Briefly

Washington, D.C.

Web site aids trackers of art stolen by Nazis

People searching for art that was stolen by the Nazis have a new tool: a Web site that allows U.S. museum collections to be checked for long-lost pieces.

The Nazi-Era Provenance Internet Portal — www.nepip.org — is a searchable registry for people looking for items that disappeared in Europe between 1932 and 1946. It goes online today.

So far 66 museums have signed up to participate in the program overseen by the American Association of Museums. They include the Metropolitan Museum of Art in New York and the Chicago Institute of Art. The Web site has indexed 5,761 of their objects and an additional 1,663 are in process.

Florida

Former congressman ‘Mr. Clean’ dies at 92

Charles Bennett, a Florida Democrat who served 44 years in the U.S. House of Representatives and earned the nickname “Mr. Clean” for championing ethical reforms, died Sept. 6 at a nursing center in Jacksonville, Fla. He had a stroke and a heart attack last year. He was 92.

Bennett was elected to the House in 1948, representing the Jacksonville area, and declined to seek re-election in 1992.

His career was underscored by a devotion to reform packages, from political ethics to animal rights, and legislation to help those with disabilities.

A co-sponsor of the Americans With Disabilities Act, he was disabled after contracting polio during World War II, when he was a guerrilla fighter in the Philippines. He spent his years on Capitol Hill using a wheelchair or cane.

Washington, D.C.

NASA plan details needed changes

Seven months after the Columbia tragedy, NASA has come up with a “return to flight” plan — one that envisions a resumption of flights as early as next March.

The 78-page report offers a look at the steps the space agency has been taking since the Feb. 1 accident to comply with the recommendations from the Columbia Accident Investigation Board.

The NASA plan, which will be released today, lists a number of improvements — including ways to better facilitate communication.

To address safety questions, the report said NASA was reviewing ways to harden the shuttle against damage caused by debris impacts, such as the one that doomed Columbia and its seven astronauts.

Space officials also will add a suite of cameras in various locations on the shuttle to get a better idea of any possible damage, according to the report.

Miami

Hurricanes Isabel, Fabian churn in Atlantic

Isabel strengthened from a tropical storm into the fourth Atlantic hurricane of the season Sunday, but forecasters said it was still several days from reaching land.

Hurricane Fabian, meanwhile, was losing strength but gaining speed in the northern Atlantic, two days after plowing through Bermuda. Forecasters monitored the other major Atlantic storm, a tropical depression that passed over Florida on Saturday, to see if would strengthen back into Tropical Storm Henri.

At 4 p.m. CDT, Isabel had maximum sustained winds of 80 mph — above the 74 mph threshold for a hurricane. The storm was 1,510 miles east of the Leeward Islands and moving west-northwest near 15 mph. Forecasters said by today, Isabel was expected to strengthen to a Category 2 hurricane, with winds between 96-110 mph.

Pennsylvania

Licensing sought for trash scavengers

One person’s trash is another’s treasure — reason enough to license trash scavengers, according to the former mayor of the Pittsburgh suburb of Whitehall.

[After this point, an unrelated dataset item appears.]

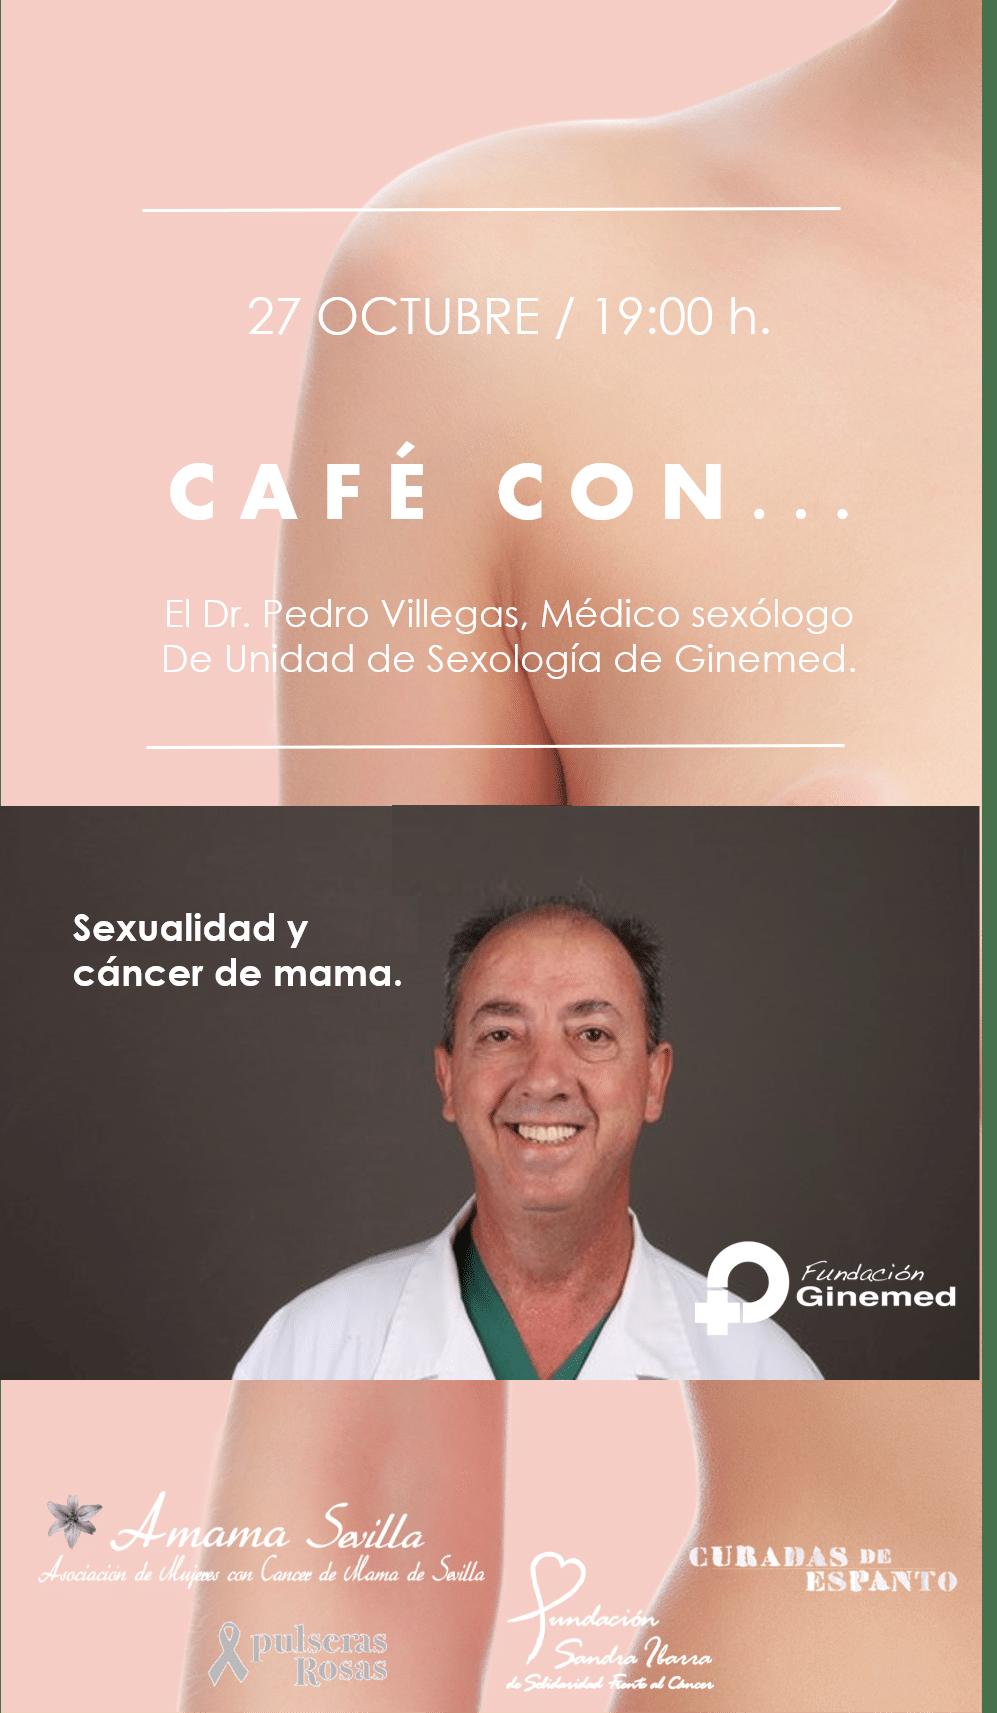 Café con Pedro Villegas. Médico Sexólogo Ginemed

“So much stuff is thrown away today, especially in suburbia,” said 85-year-old Edwin Brennan, whose 14-year tenure in the middle-class borough ended a decade ago. “It’s wasteful to do that.”

Brennan asked the borough council last week to consider licensing a limited number of scavengers who would pay $10 each to scour curbside trash to use or resell. The borough outlawed scavengers after residents complained strangers were going through the garbage.

The licenses are “just to make sure we know who’s out there, so if a patrol car sees a particular vehicle that’s licensed, we know who that guy is,” said police chief William Schmitt.

Maine

Bone, organs found near Bush home

A woman walking along a beach about a mile from former President Bush’s summer home Sunday found what appeared to be body parts on the shore, police said.

Kennebunkport Police contacted the state Medical Examiner’s Office after the discovery. The medical examiner will inspect the items, which include at least one bone and what appeared to be internal organs, said Stephen McCausland, spokesman for the state Public Safety Department. He said it wasn’t immediately known whether they were human.

California

Some progress made in forest wildfire

Aided by relatively mild weather, hundreds of firefighters made slow but steady progress Sunday against a wildfire feeding on an area of dense brush and timber that hadn’t burned in nearly 50 years.

Hundreds of evacuees remained out of their homes because of that and other wildfires in the West.

The fire in the San Bernardino National Forest about 60 miles east of Los Angeles was 30 percent contained Sunday after charring some 1,350 acres, said Georgia Smith, a fire information officer with the U.S. Forest Service.

Temperatures were only in the upper 50s before dawn Saturday, following highs in the 90s Saturday, while humidity rose to above 50 percent, fire information officer Marc Stamer said.